If you have a Gen 2 sedan and have a water leak in the trunk after rain, it's likely one of two things: 1. The third brake light - there's a recall for 2016/17's to replace the gasket. Sometimes after the gasket is replaced, the third brake light assembly itself will crack. This water usually...




www.cruzetalk.com


----------



## Stvnhi (Aug 26, 2020)

Oh man I missed one of the posts explaining this, My fault.
Yes this is the 2017 RS package. 
Thank You mentioning that.
Is there an easy way of getting to the underside to check that?
Is it just pop the tabs on the trunk liner?


----------



## jblackburn (Apr 14, 2012)

Stvnhi said:


> Oh man I missed one of the posts explaining this, My fault.
> Yes this is the 2017 RS package.
> Thank You mentioning that.
> Is there an easy way of getting to the underside to check that?
> Is it just pop the tabs on the trunk liner?


To see where it was coming from, I took the trunk liner off, wet down the trunk lid, and stuck a camera phone through one of the trusses in the inner trunk lid.

I saw it dripping off the taillight, so thought it was the taillight seal leaking, but once the camera phone was in there, it was clear as day that it was actually coming from that rivet, then running down the taillight.


----------



## Stvnhi (Aug 26, 2020)

Nice.

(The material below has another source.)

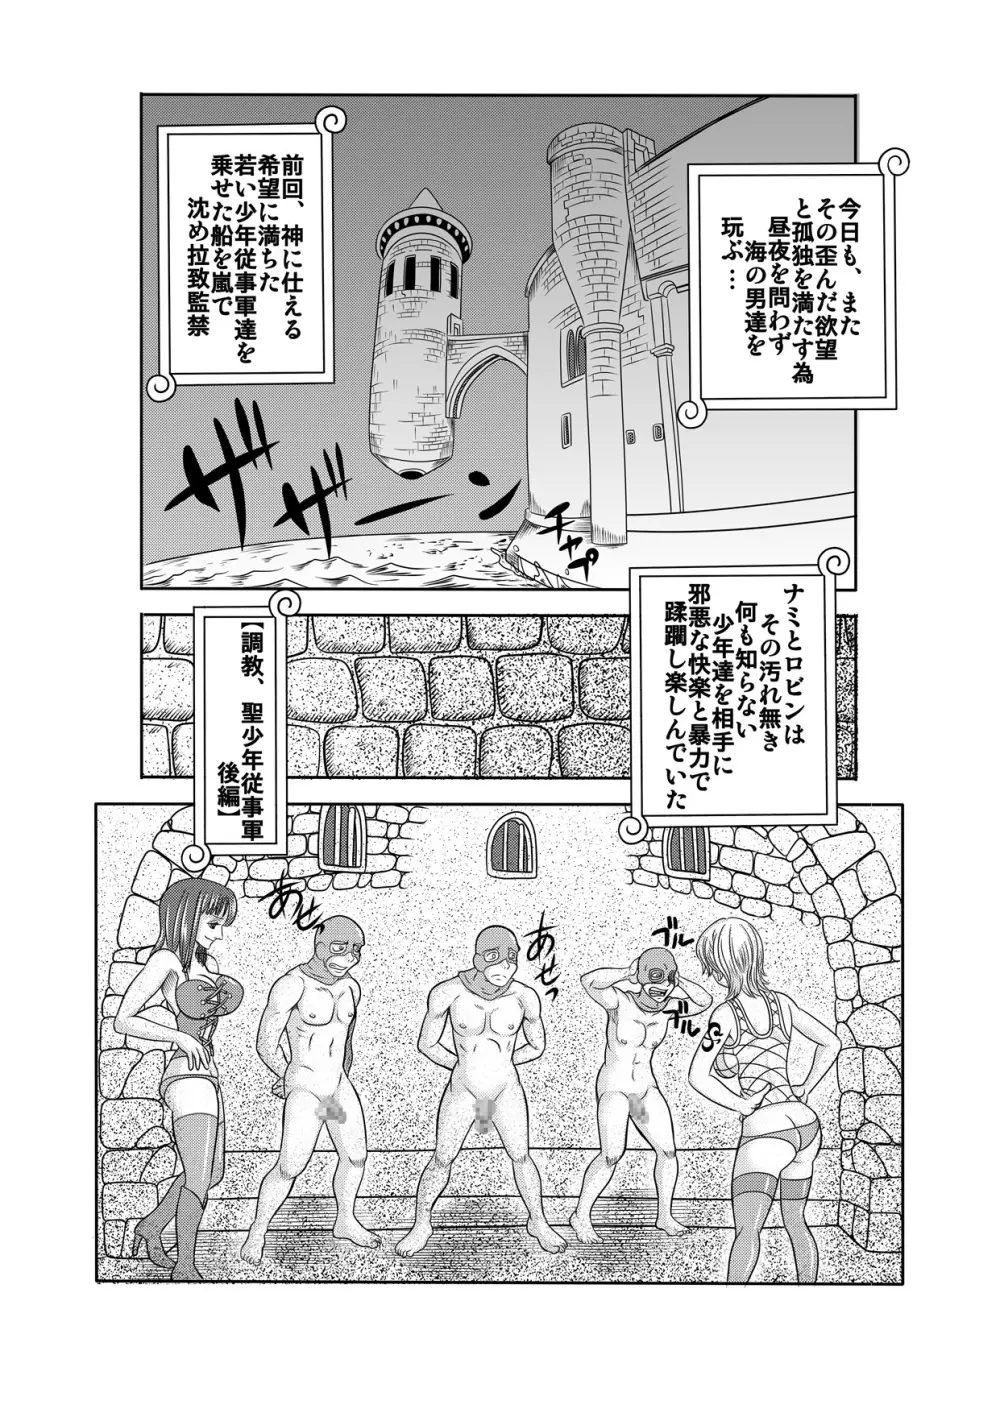 「ヌキヌキの実」の能力者3 聖少年従事軍 中編 - page2

Thank you I’ll look into this myself. Much appreciated for the correction btw lol


----------



## jblackburn (Apr 14, 2012)

Stvnhi said:


> Nice. Thank you I’ll look into this myself. Much appreciated for the correction btw lol


Good luck! Mine unfortunately happened out of warranty, so it took me a couple weeks to figure out where the heck it was leaking from. It was an easy DIY fix, though.


----------



## paul26 (Sep 6, 2020)

jblackburn said:


> If this is a RS trim with a spoiler on the trunk lid, that's also exactly where the tabs on the end of the spoiler leak down onto the taillights.
> 
> 
> 
> ...


Is this how it looks like when you removed the spoiler? I have a 2017 LT with RS package and I have the same water leak issue. I have been to dealers more than 3 times and they replaced right taillight but it still leaks


----------



## jblackburn (Apr 14, 2012)

paul26 said:


> Is this how it looks like when you removed the spoiler? I have a 2017 LT with RS package and I have the same water leak issue. I have been to dealers more than 3 times and they replaced right taillight but it still leaks


Yep those tabs are right above each taillight. They will drip down directly on the taillight housing and make it appear the seal is leaking.


----------



## paul26 (Sep 6, 2020)

jblackburn said:


> Yep those tabs are right above each taillight. They will drip down directly on the taillight housing and make it appear the seal is leaking.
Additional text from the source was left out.